Because Stata is proprietary software, you will need to provide a license for Stata 16 or later in order to enable Stata notebooks on Redivis. Organizations can specify license information in [their settings](https://docs.redivis.com/organizations/settings#stata-and-sas-licenses), which will make Stata notebooks available to all members of their organization. Alternatively, you can provide your own stata license in [your workspace](https://docs.redivis.com/your-account/workspace#advanced).

{% hint style="info" %}
In the Jupyter-Stata documentation, you may see references to configuring stata via the `stata_setup` command. There is no need to run this command in Stata notebooks on Redivis, as everything has been pre-configured.
{% endhint %}

## Base image and dependencies

Stata notebooks are based off the [python notebook base image](https://docs.redivis.com/reference/workflows/python-notebooks#base-image-and-dependencies), and can combine both Stata and Python dependencies to create novel workflows.

To further customize your compute environment, you can specify various dependencies by clicking the **Dependencies** button at the top-right of your notebook. Here you will see three tabs: **Packages, pre\_install.sh**, and **post\_install.sh**.

Use packages to specify the *python* packages that you would like to install. When adding a new package, it will be pinned to the latest version of that package, but you can specify another version if preferred.

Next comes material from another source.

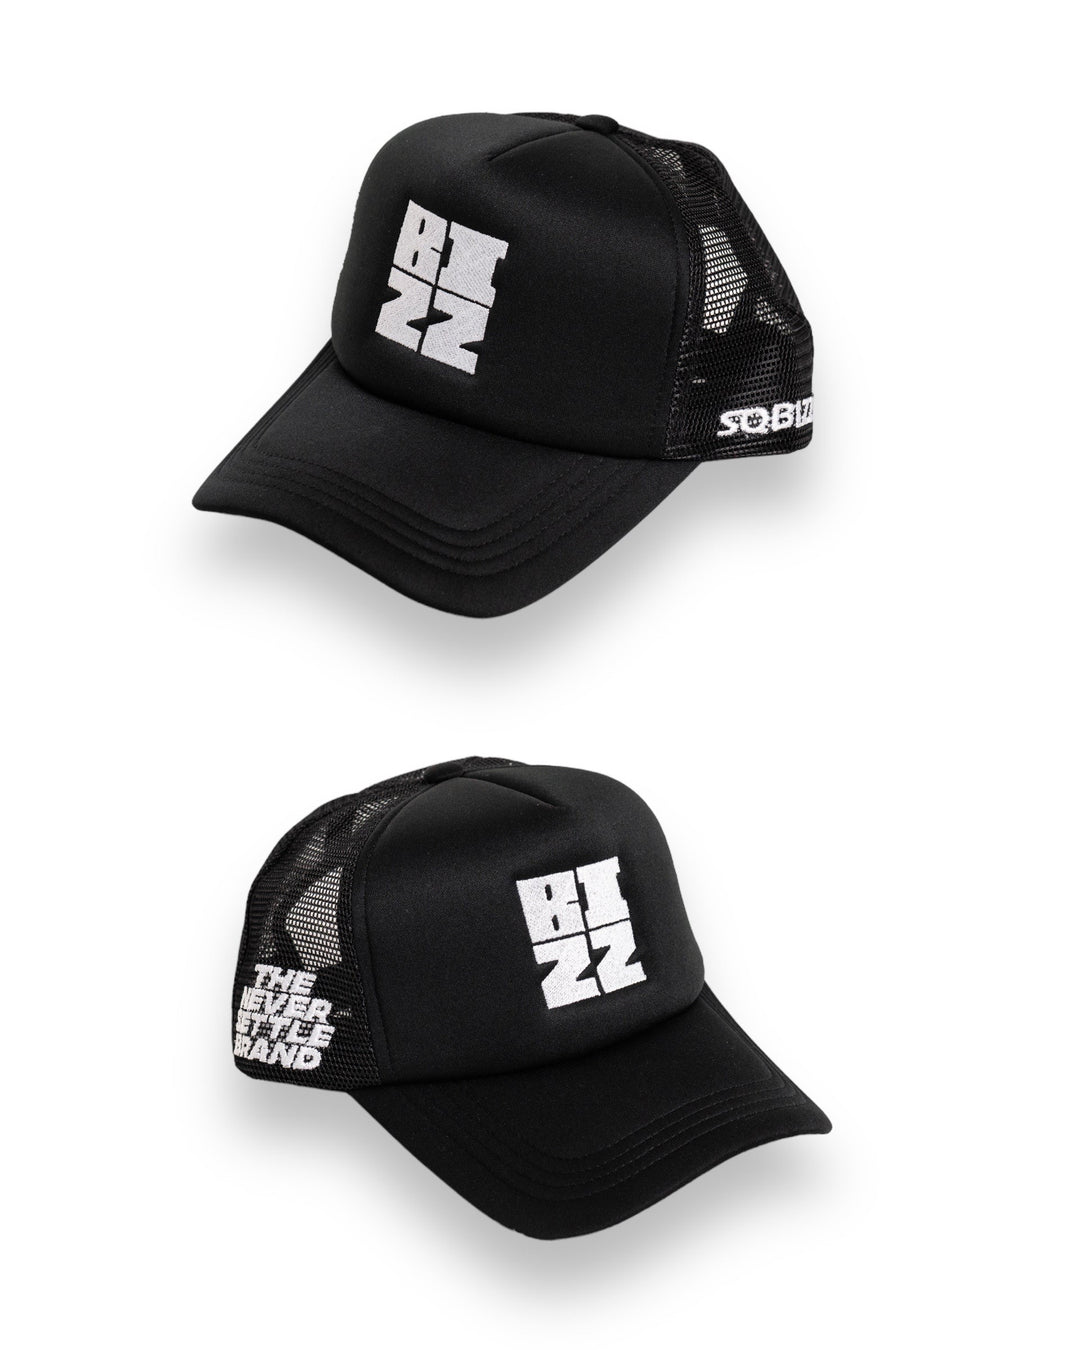 Bizz Trucker Hat in Black/White

In order to install Stata packages via `ssc`, you should use the pre- and post- install shell scripts. These scripts are executed on either side of the python package installation, and are used to execute arbitrary code in the shell. Here you can execute stata code to run `ssc install`, and you can also use `apt` to install system packages (`apt-get update && apt-get install -y <package>`), or `mamba` to install from conda. E.g.

<pre class="language-bash"><code class="lang-bash"># A shell script. You can run Stata code here, 
# or install other system dependencies via apt-get
<strong>
</strong>stata -e -q 'ssc install outreg2'
</code></pre>

{% hint style="info" %}
For notebooks that reference restricted data, internet will be disabled while the notebook is running. This means that the dependencies interface is the *only* place from which you can install dependencies; running `ssc install` within your notebook will fail.

Moreover, it is strongly recommended to always install your dependencies through the dependencies interface (regardless of whether your notebook has internet access), as this provides better reproducibility and documentation for future use.
{% endhint %}

## Working with tabular data

In order to load data into Stata, we use a one-liner to pull any Redivis table, or SQL query result, into Stata. All variable metadata, including value labels, will be loaded with the data. This will overwrite any working dataset that we currently have in our Stata session.

```python
import redivis
redivis.table("_source_").to_stata()

# We can also reference any table in the workflow by name
redivis.table("transform_1_output").to_stata()

# Or run a SQL query and load its results into Stata
redivis.query("SELECT * FROM _source_ LIMIT 10").to_stata()
```

Next, in a separate cell, we use the `%%stata` "magic" at the start of our cell to specify that this is stata code.&#x20;

<pre class="language-stata"><code class="lang-stata">%%stata
/* Run stata code! All stata cells must be prefixed with %%stata */
<strong>describe()
</strong></code></pre>

Any subsequent cells that execute stata code should be prefixed by `%%stata` if they are more than one line, or by `%stata` if the code to be executed is all on one line:

```stata
%stata scatter mpg price
```

{% hint style="info" %}
View full documentation for the `%%stata` magic, including other helpful flags for moving data between python and Stata, [here >](https://www.stata.com/python/pystata17/notebook/Magic%20Commands1.html#Arguments)
{% endhint %}

You can also use the `%%mata` command to execute Mata code:

```mata
%%mata
/* 
 Create the matrix X in Mata and then obtain its inverse, Xi. 
 Then, multiply Xi by the original matrix, X 
*/

X = (76, 53, 48 \ 53, 88, 46 \ 48, 46, 63)
Xi = invsym(X)
Xi
Xi*X
```

## Working with geospatial data

Loading geospatial data looks much the same as other tabular data, in that we can just call the `.to_stata()` method on any table or query in python. If that table or query result contains a geography variable, it will automatically be loaded as geospatial data to Stata via the `spshape2dta` package.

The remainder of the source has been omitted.